Uno de los problemas más profundos de la educación es que se ha vuelto demasiado superficial.
Con la preocupación por la eficiencia de «cubrir» tantas asignaturas «básicas» como sea posible y dotar a las mentes de los jóvenes de los datos de un mundo que cambia rápidamente y está impulsado por el dinero, rozar la superficie de las cosas a través de libros de texto rápidos, textos condensados, obras abreviadas, interfaces de PowerPoints y fragmentos de sonido se ha convertido en una especie de epidemia. La mentalidad se ha convertido en algo más que navegar a través del material obligatorio, marcando las casillas, impartiendo los hechos, y obteniendo la calificación para obtener el grado —enseñando principalmente para la prueba, en lugar de la verdad. Atrás han quedado las actitudes de la Academia filosófica ateniense, donde el aprendizaje era pausado y prolongado para permitir que la mente se empapara de la bondad, la verdad y la belleza.
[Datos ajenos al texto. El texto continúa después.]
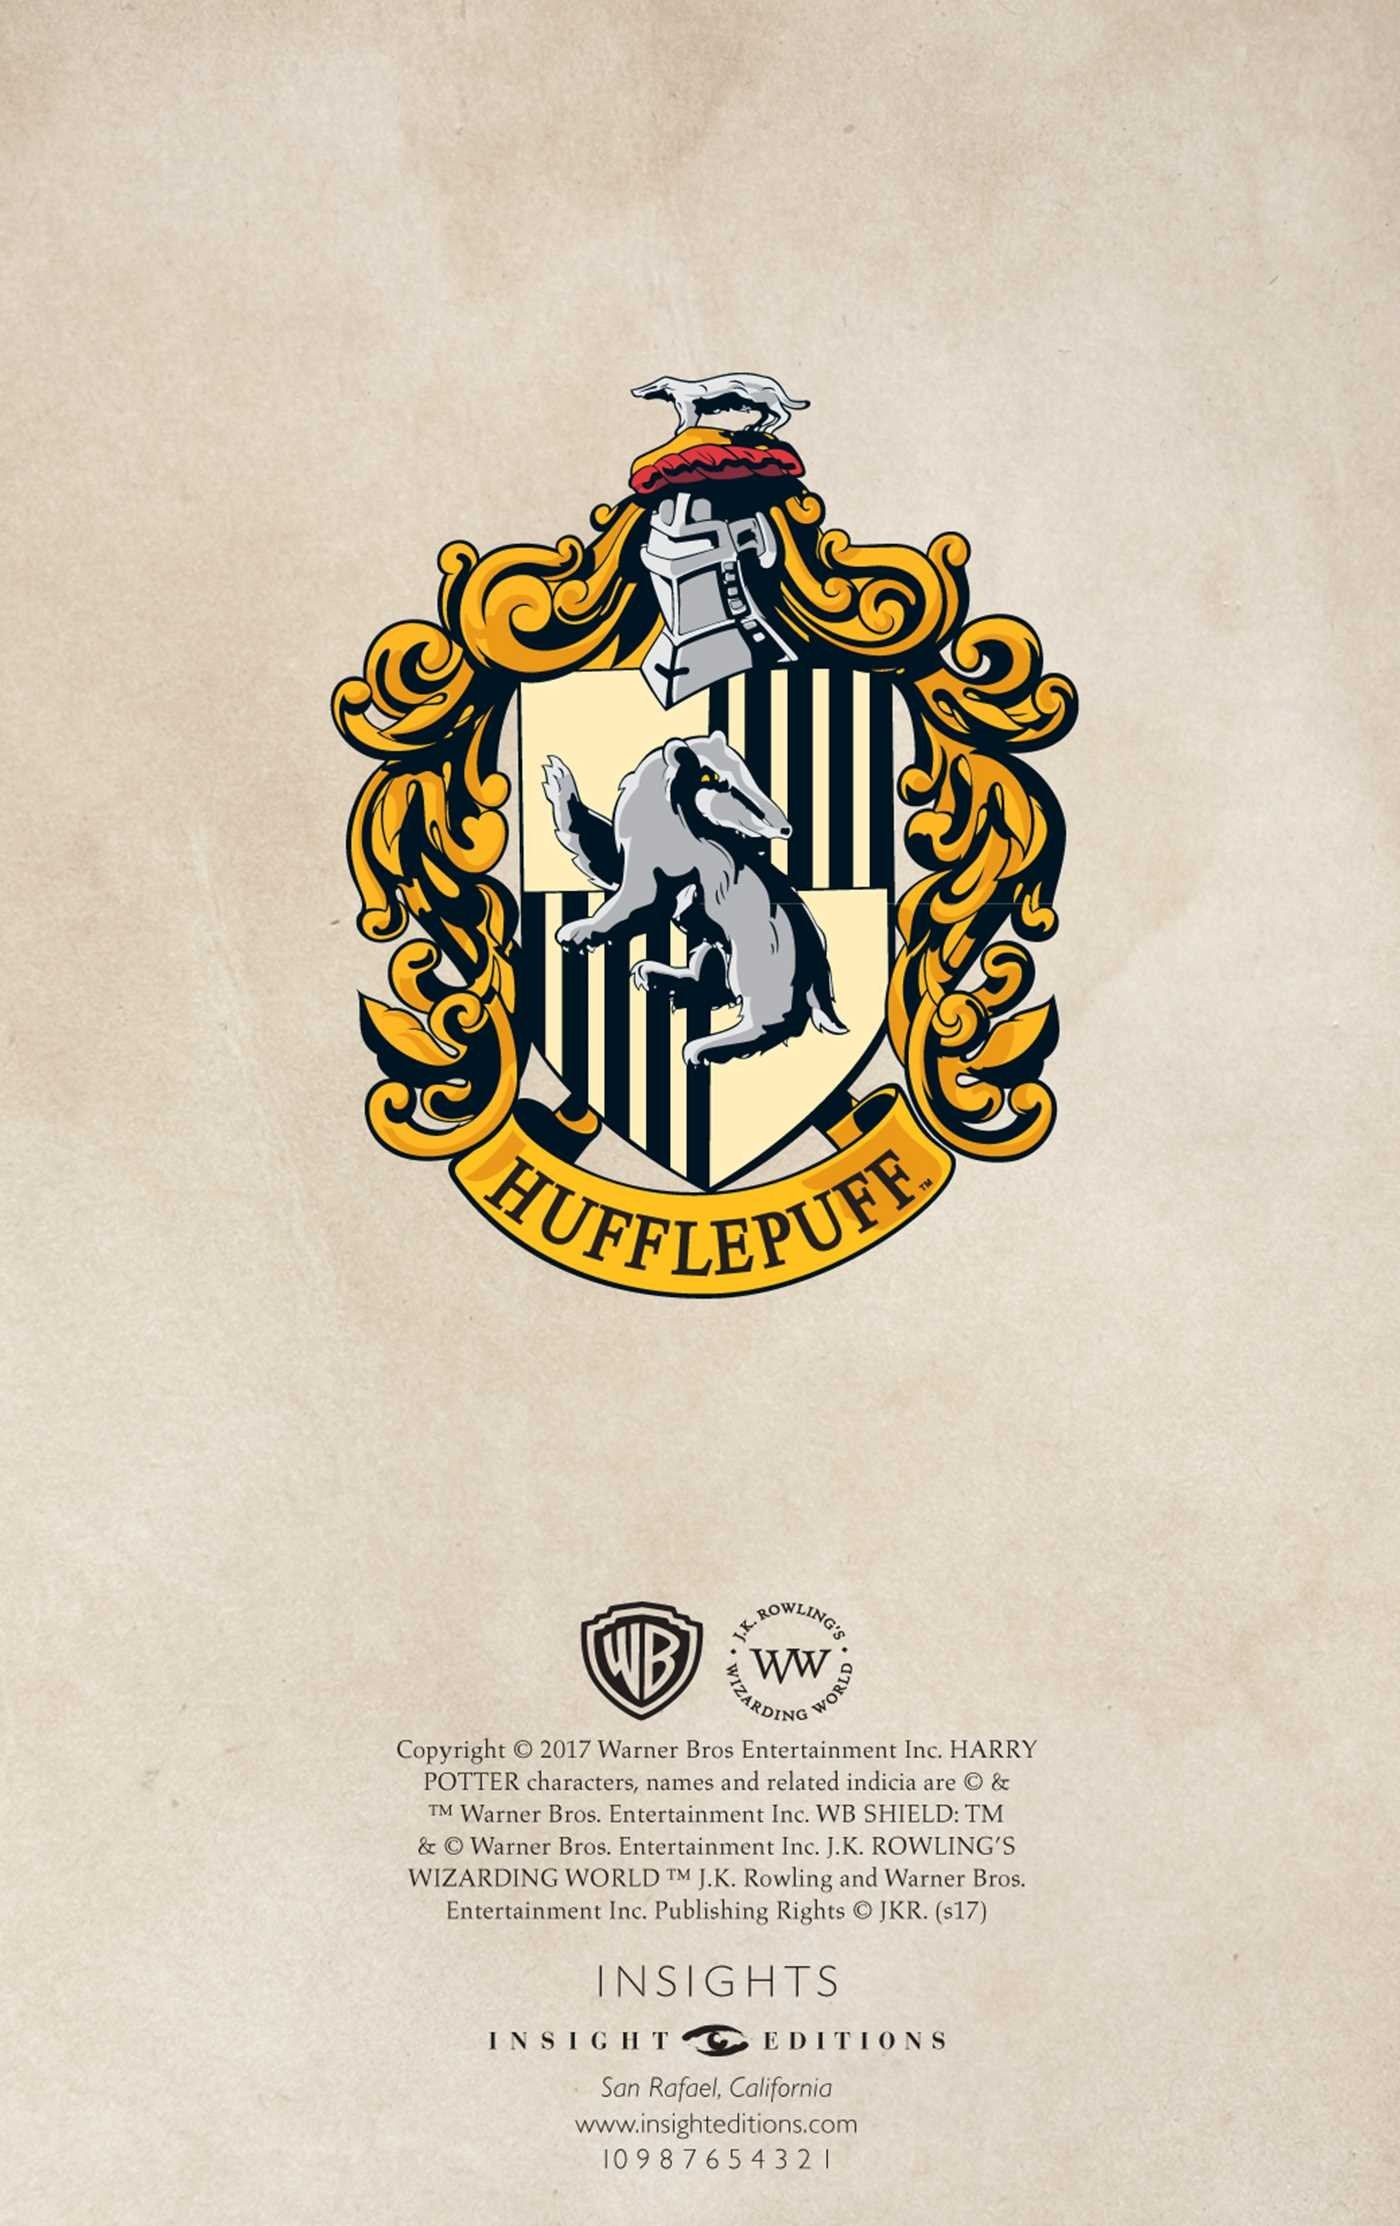 Harry Potter: Hufflepuff Pocket Journal
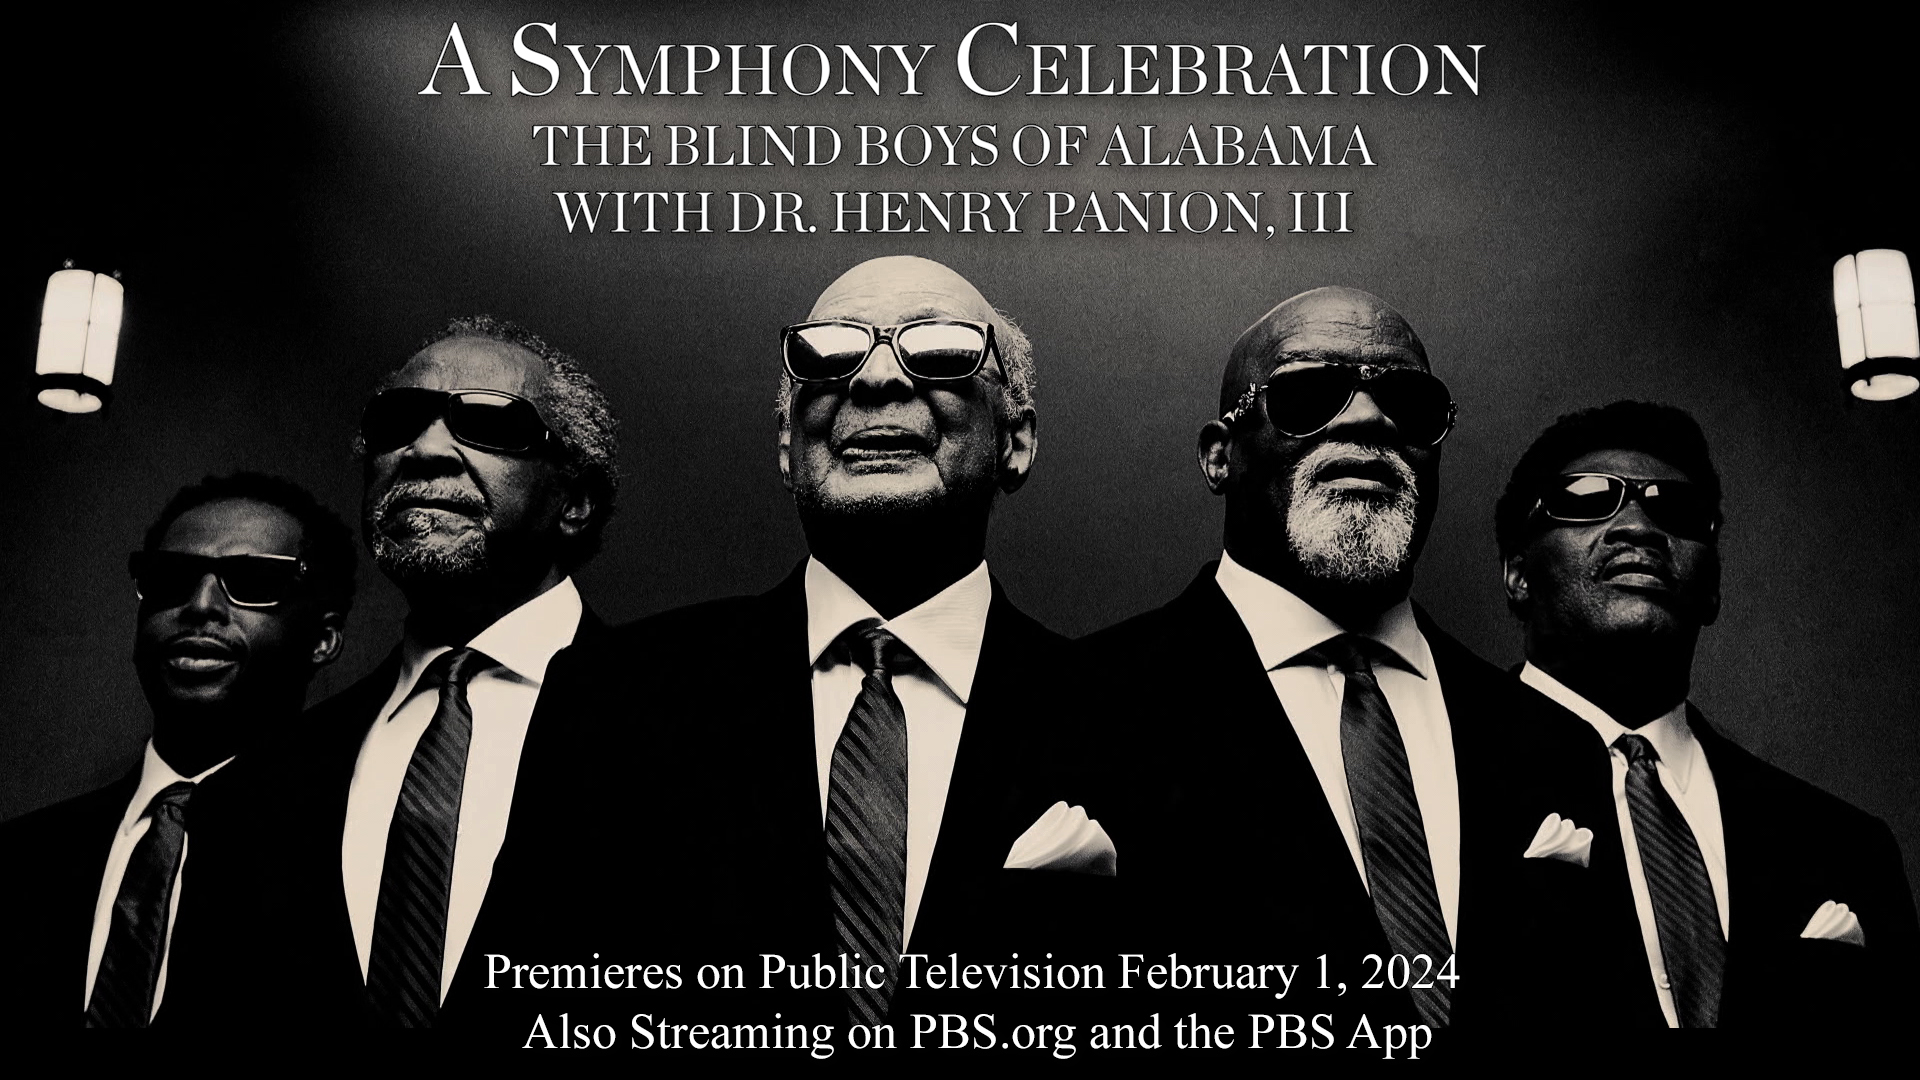 Symphony Celebration General Promo Image 1

Este enfoque rápido y orientado hacia una carrera profesional a menudo se presenta como un modelo de aprendizaje más tradicional, denominado con frecuencia como educación clásica, a pesar de que este enfoque dista mucho de ser clásico. Estas escuelas reúnen un catálogo de material muy grande en un calendario muy estrecho, aplicando estos cursos a estudiantes que no están preparados para apreciarlos, especialmente en el período de tiempo asignado. Aunque siempre es bienintencionado, rara vez es eficaz imponer demasiado a una mente demasiado joven y demasiado rápido. No solo es ineficaz: Es inapropiado. Incluso se podría llamar, por decirlo en términos fuertes, un tipo de abuso académico que podría destruir el apetito y la aptitud para el estudio.
El ocio del aprendizaje
Tengo el privilegio de enseñar literatura clásica desde hace 20 años. A pesar de lo que podría imaginarse, no avanzo más rápido en el material con cada año que pasa porque lo conozco muy bien y, por lo tanto, soy capaz de cubrir más y más terreno y más obras. Es todo lo contrario: avanzo más lentamente. Cada año descubro que tengo más cosas que decir, más cosas que enseñar y más cosas que compartir sobre estos textos tan apreciados ahora —estos viejos amigos que he hecho— y cada año disfruto presentándolos adecuadamente a un nuevo grupo de mentes y corazones. Y una presentación adecuada requiere tiempo.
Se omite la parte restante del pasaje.